Search code examples
python-3.xgoogle-bigquerydockerfilepyarrowarmv7

"ERROR: Could not build wheels for pyarrow which use PEP 517 and cannot be installed directly" on armv7 architecture with Linux Debian Buster


I build a Docker image for an armv7 architecture with python packages numpy, scipy, pandas and google-cloud-bigquery using packages from piwheels. The base image is Python:3.7-buster.

If I'm running a container with this image, the container always restarts and gives me the error log "ValueError: This method requires pyarrow to be installed":

Traceback (most recent call last):
  File "main_prog.py", line 3, in <module>
    upload_data()
  File "/usr/src/app/bigquery.py", line 39, in upload_data
    job = client.load_table_from_dataframe(dataframe, table_id, job_config=job_config)  # Make an API request.
  File "/usr/local/lib/python3.7/site-packages/google/cloud/bigquery/client.py", line 2574, in load_table_from_dataframe
    raise ValueError("This method requires pyarrow to be installed")
ValueError: This method requires pyarrow to be installed

So I tried to install pyarrow directly in my Dockerfile with:

RUN pip3 install pyarrow

This gives me the error "ERROR: Could not build wheels for pyarrow which use PEP 517 and cannot be installed directly" during the image build:

> [10/11] RUN pip3 install pyarrow:
#14 164.9   copying pyarrow/tests/parquet/test_parquet_writer.py -> build/lib.linux-armv7l-3.7/pyarrow/tests/parquet
#14 164.9   running build_ext
#14 164.9   creating /tmp/pip-install-jiim0m92/pyarrow_07d2ad5142d7405fa1b4bb2fe83e0428/build/temp.linux-armv7l-3.7
#14 164.9   -- Running cmake for pyarrow
#14 164.9   cmake -DPYTHON_EXECUTABLE=/usr/local/bin/python -DPython3_EXECUTABLE=/usr/local/bin/python  -DPYARROW_BUILD_CUDA=off -DPYARROW_BUILD_FLIGHT=off -DPYARROW_BUILD_GANDIVA=off -DPYARROW_BUILD_DATASET=off -DPYARROW_BUILD_ORC=off -DPYARROW_BUILD_PARQUET=off -DPYARROW_BUILD_PLASMA=off -DPYARROW_BUILD_S3=off -DPYARROW_BUILD_HDFS=off -DPYARROW_USE_TENSORFLOW=off -DPYARROW_BUNDLE_ARROW_CPP=off -DPYARROW_BUNDLE_BOOST=off -DPYARROW_GENERATE_COVERAGE=off -DPYARROW_BOOST_USE_SHARED=on -DPYARROW_PARQUET_USE_SHARED=on -DCMAKE_BUILD_TYPE=release /tmp/pip-install-jiim0m92/pyarrow_07d2ad5142d7405fa1b4bb2fe83e0428
#14 164.9   error: command 'cmake' failed with exit status 1
#14 164.9   ----------------------------------------
#14 164.9   ERROR: Failed building wheel for pyarrow
#14 164.9 Failed to build pyarrow
#14 164.9 ERROR: Could not build wheels for pyarrow which use PEP 517 and cannot be installed directly

Then like its recommended here I tried:

RUN pip3 install pandas-gbq==0.14.0 

and

RUN pip install --upgrade 'google-cloud-bigquery[bqstorage,pandas]'

but nothing worked and every time I get the same error like above.
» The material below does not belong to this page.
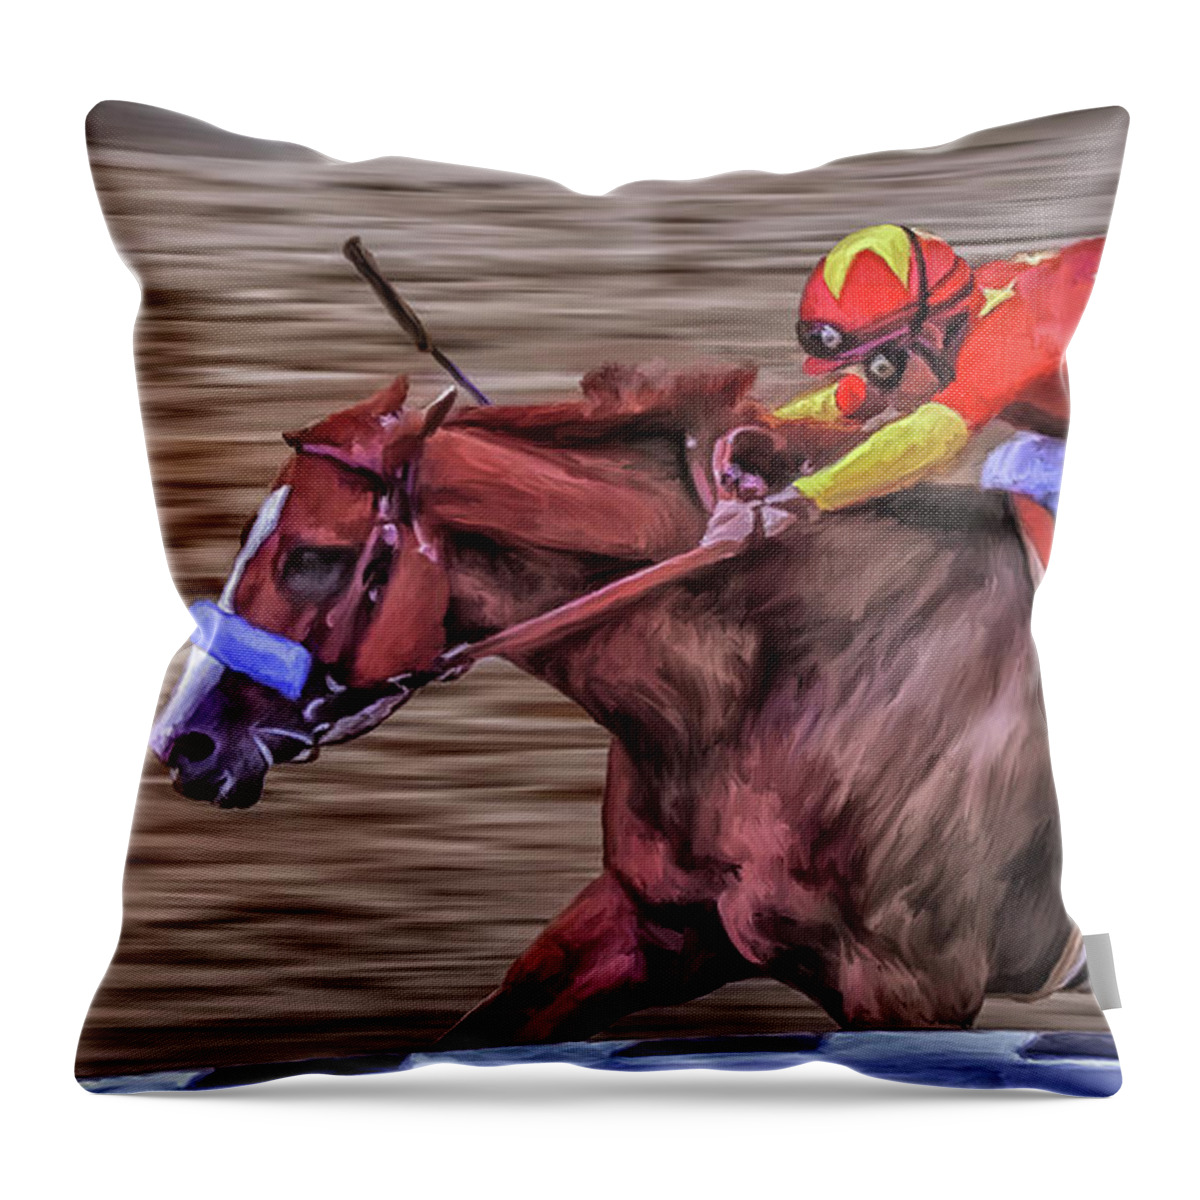 Justify Throw Pillow featuring the digital art Triple Crown Winner Justify by Rick Mosher

I couldn't find a wheel for pyarrow for armv7 neither on piwheels nor on PyPi.

Does anyone knows an answer? Thank you for your help!


Solution

  • I solved this problem by using a seperate container image with Node-RED

    FROM nodered/node-red:latest
    
    RUN npm install node-red-contrib-google-cloud
    

    on which I could use the google-cloud packages. This container handles now the upload task to google-cloud. To use node-red with docker I visited this site and this was the google-cloud-package I installed.